The family developed strong associations with villages east of Cambridge, including Horningsea and Teversham, areas situated within the wider agricultural and geological landscape shaped by the phosphate trade. Their success reflected broader Victorian trends in scientific farming, industrial chemistry, and commercial agriculture.
Over time the company evolved into the internationally known firm Fisons, later diversifying into agricultural chemicals, horticulture, and pharmaceuticals during the twentieth century.
Horningsea, Teversham and Rural Change
The coprolite and fertiliser industries formed part of a wider transformation in rural Cambridgeshire during the Victorian era. Villages east of Cambridge increasingly became connected to scientific innovation, industrial processing, and national agricultural markets.
Horningsea and Teversham remained agricultural communities, but they existed within a region undergoing significant economic and technological change. Improved transport links, proximity to Cambridge, and the growth of agricultural science all contributed to the reshaping of rural life.
Even where direct extraction cannot be firmly demonstrated, villages within the phosphate belt were affected by the movement of labour, investment, and industrial activity associated with fertiliser production.
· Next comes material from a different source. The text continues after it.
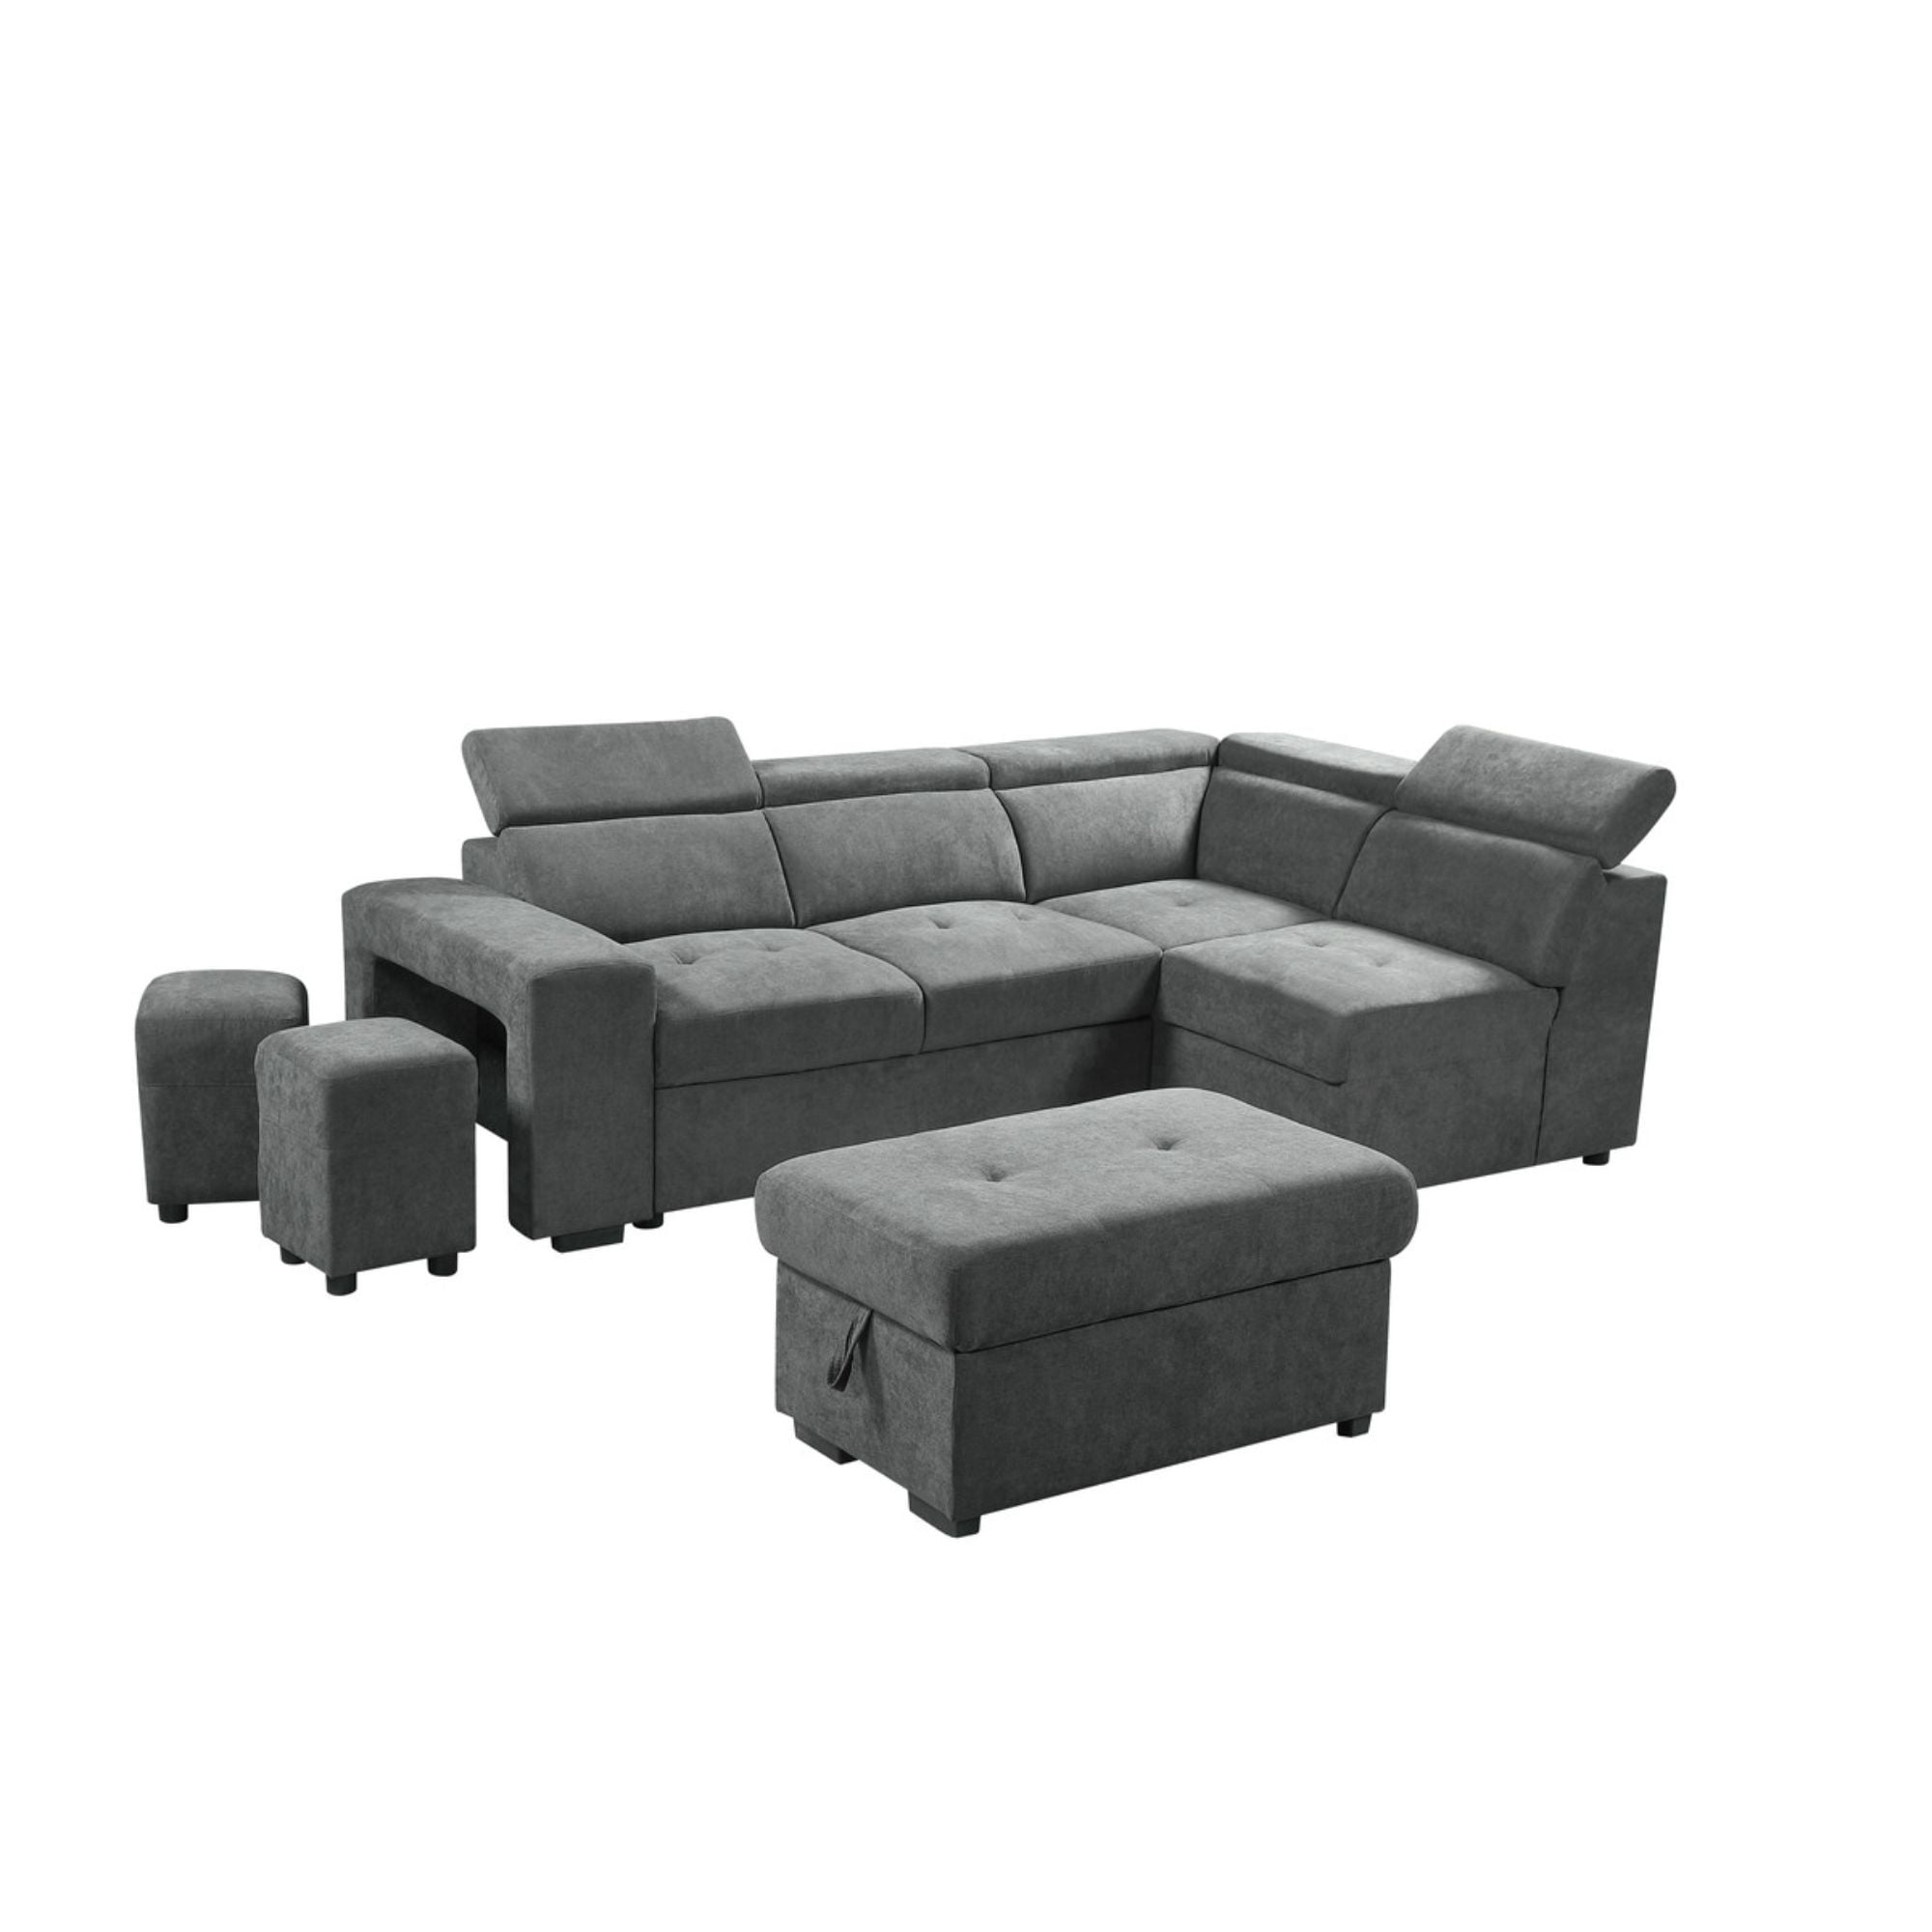 Set of 4 Pewter Gray Henrik Sleeper Sectional Sofa with Storage Ottoman and 2 Stools, 8'

The landscape east of Cambridge thus became part of a much larger story: the industrialisation of agriculture and the rise of modern chemical fertilisers.
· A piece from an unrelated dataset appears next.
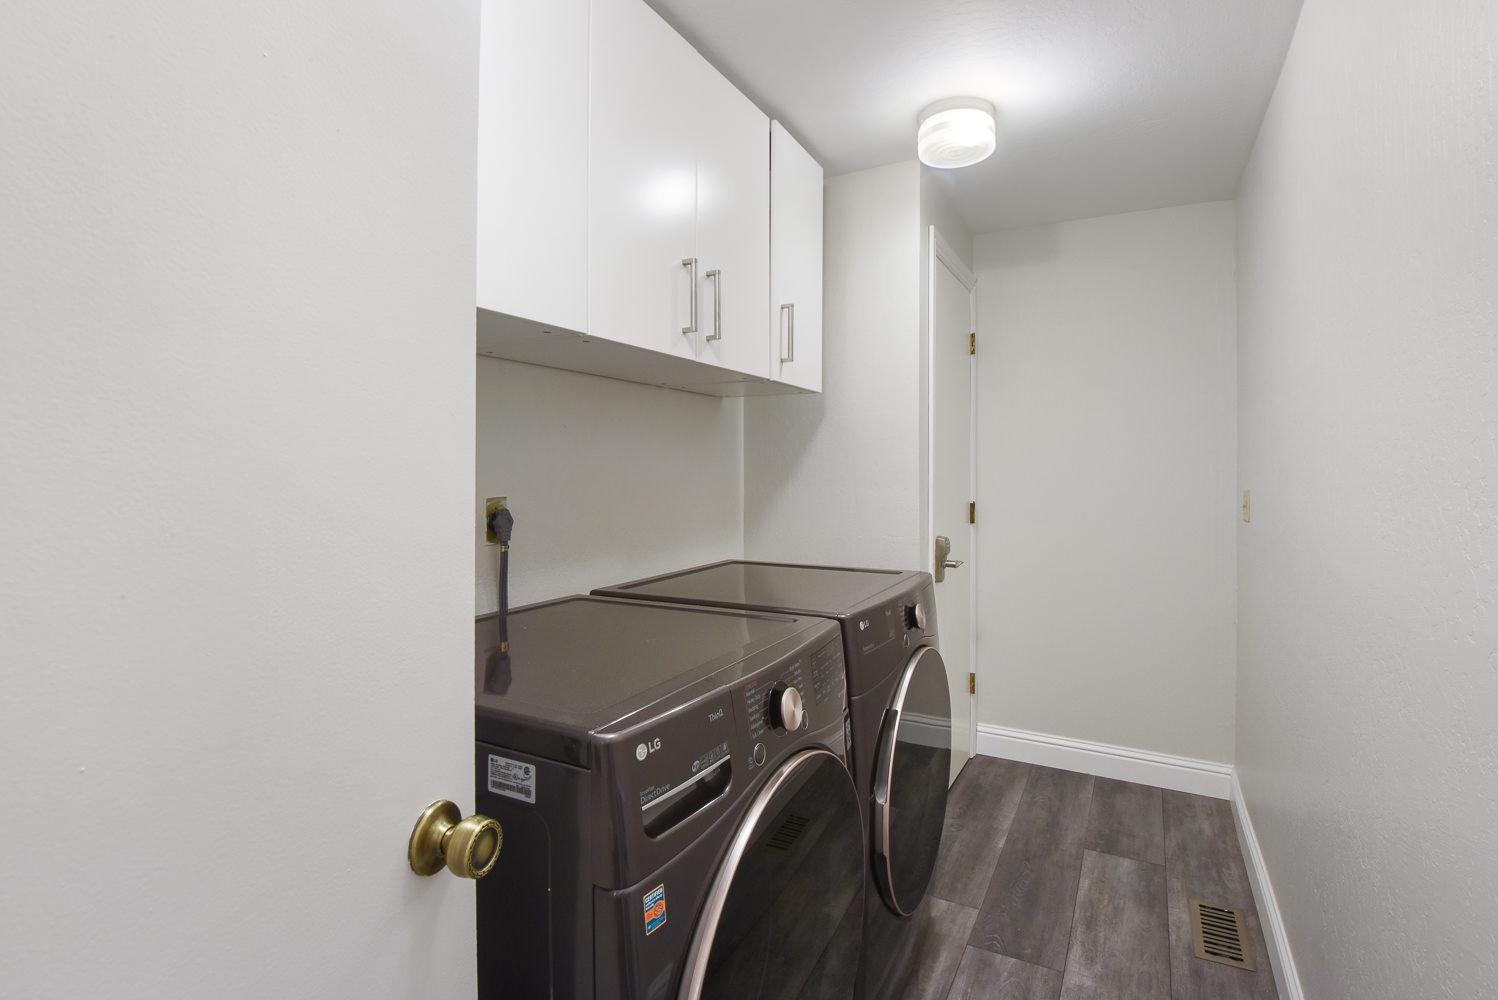 Laundry room located by the kitchen

Decline of the Coprolite Industry
By the late nineteenth century the Cambridgeshire coprolite industry began to decline. Imported phosphates from North Africa and North America proved cheaper and easier to obtain than local deposits. Many East Anglian workings closed, and agricultural land was gradually restored.
Although the industry itself faded, its historical significance remained considerable. The fertiliser revolution helped increase agricultural productivity and supported Britain’s expanding urban population during the Victorian age. The Fison family played an important role in this transformation, linking East Anglia’s rural landscapes to national and international agricultural change.
References
Bernard O’Connor, The Origins and Development of the British Coprolite Industry.
East Midlands Geological Society, “A Vanished Industry: Coprolite Mining in Cambridgeshire.”
Geological studies of the Cambridge Greensand and phosphate extraction in eastern England.
Fisons company history and development.
Research on John Stevens Henslow and the development of superphosphate fertilisers.